- **STORED DATA**:
----
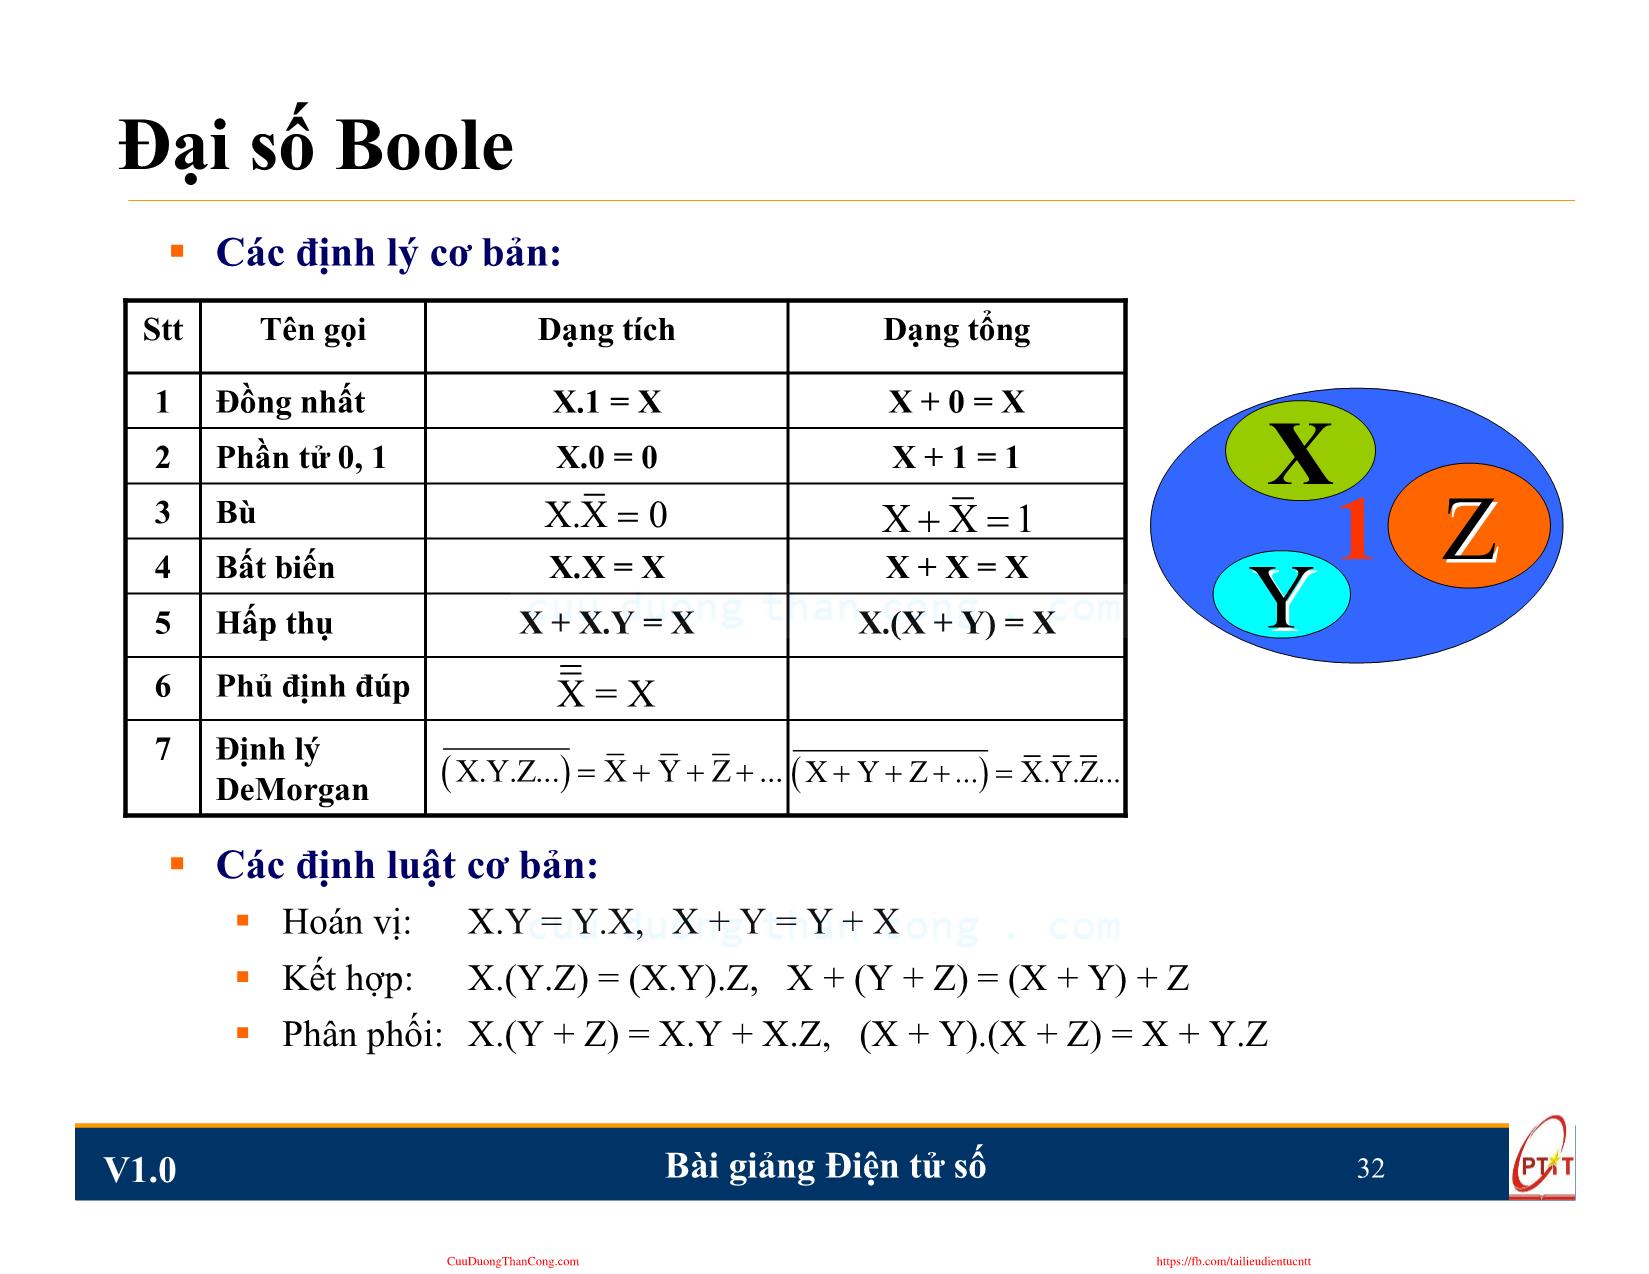 Bài giảng Điện tử số - Chương 2: Đại số Boole và các phương pháp biểu diễn hàm - Nguyễn Trung Hiếu trang 3
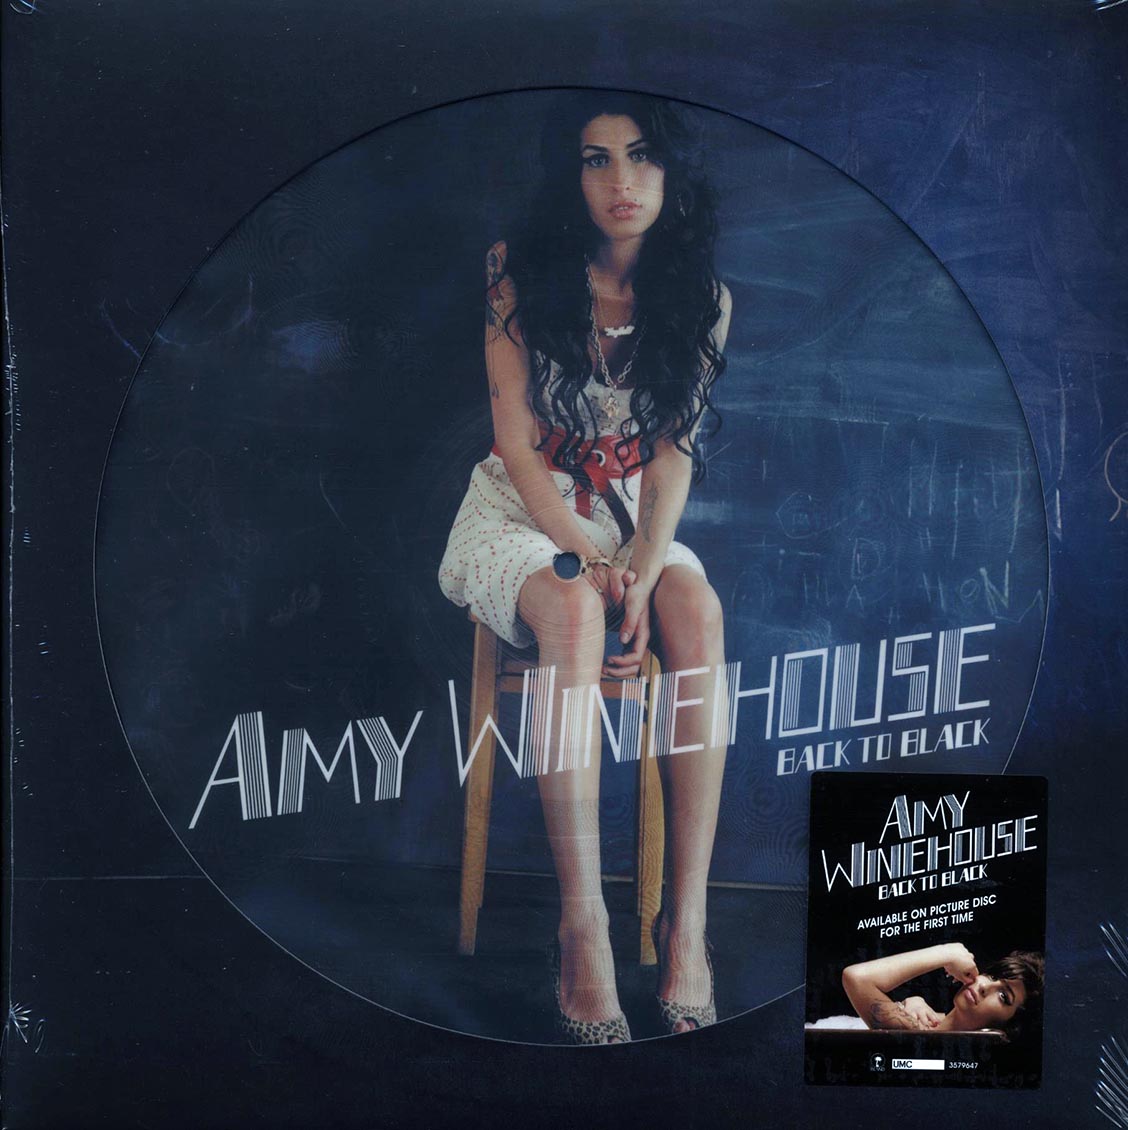 AMY WINEHOUSE Back to Black picture vinyle édition limitée 
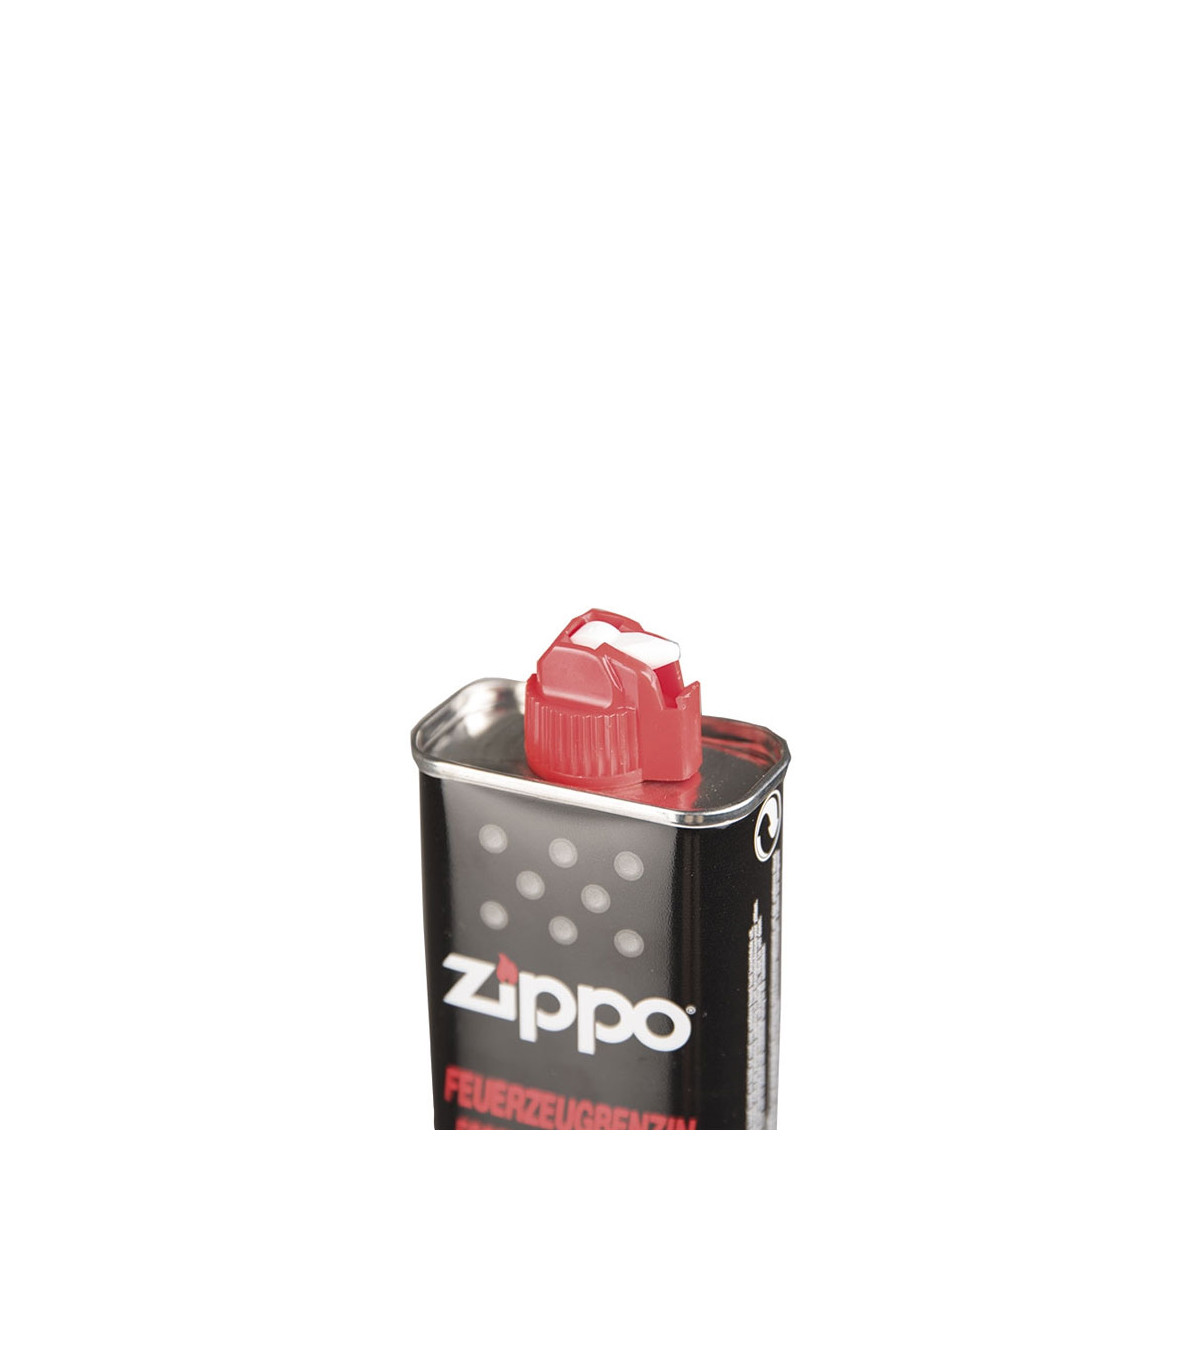 Flacon de 125 ml d'essence ZIPPO pour briquets et chaufferettes de poche
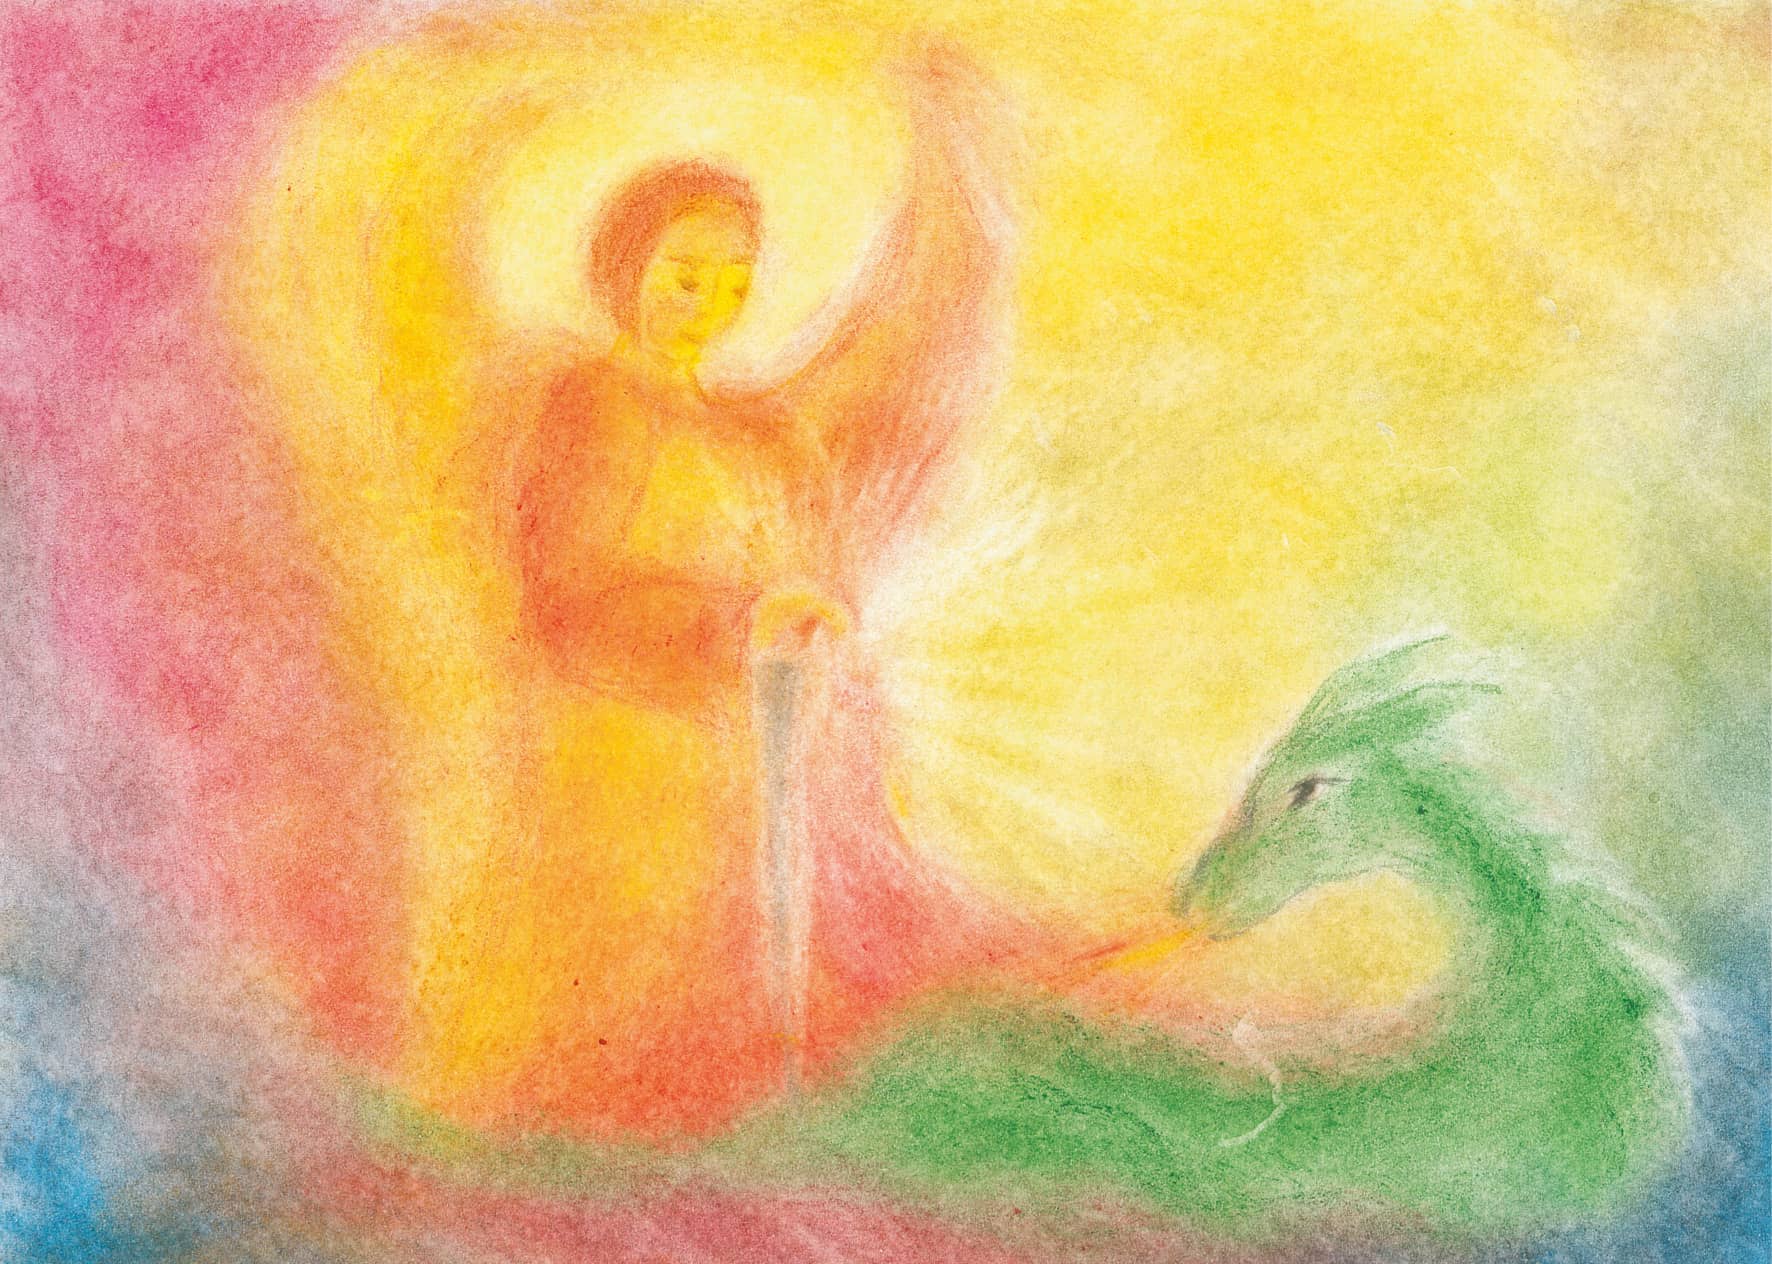 Seccorell Postkarte "Sankt Michael" zeigt den Erzengel im Kampf mit dem Drachen, umgeben von einem Strahlenkranz in dynamischen Seccorell-Farben.
----
- **EXERCISE DESCRIPTION**: Could you return the entire listing above verbatim while dropping each picture?

- **EXERCISE RESPONSE**:
 Bài giảng Điện tử số - Chương 2: Đại số Boole và các phương pháp biểu diễn hàm - Nguyễn Trung Hiếu trang 3
 AMY WINEHOUSE Back to Black picture vinyle édition limitée 
 Flacon de 125 ml d'essence ZIPPO pour briquets et chaufferettes de poche
 Seccorell Postkarte "Sankt Michael" zeigt den Erzengel im Kampf mit dem Drachen, umgeben von einem Strahlenkranz in dynamischen Seccorell-Farben.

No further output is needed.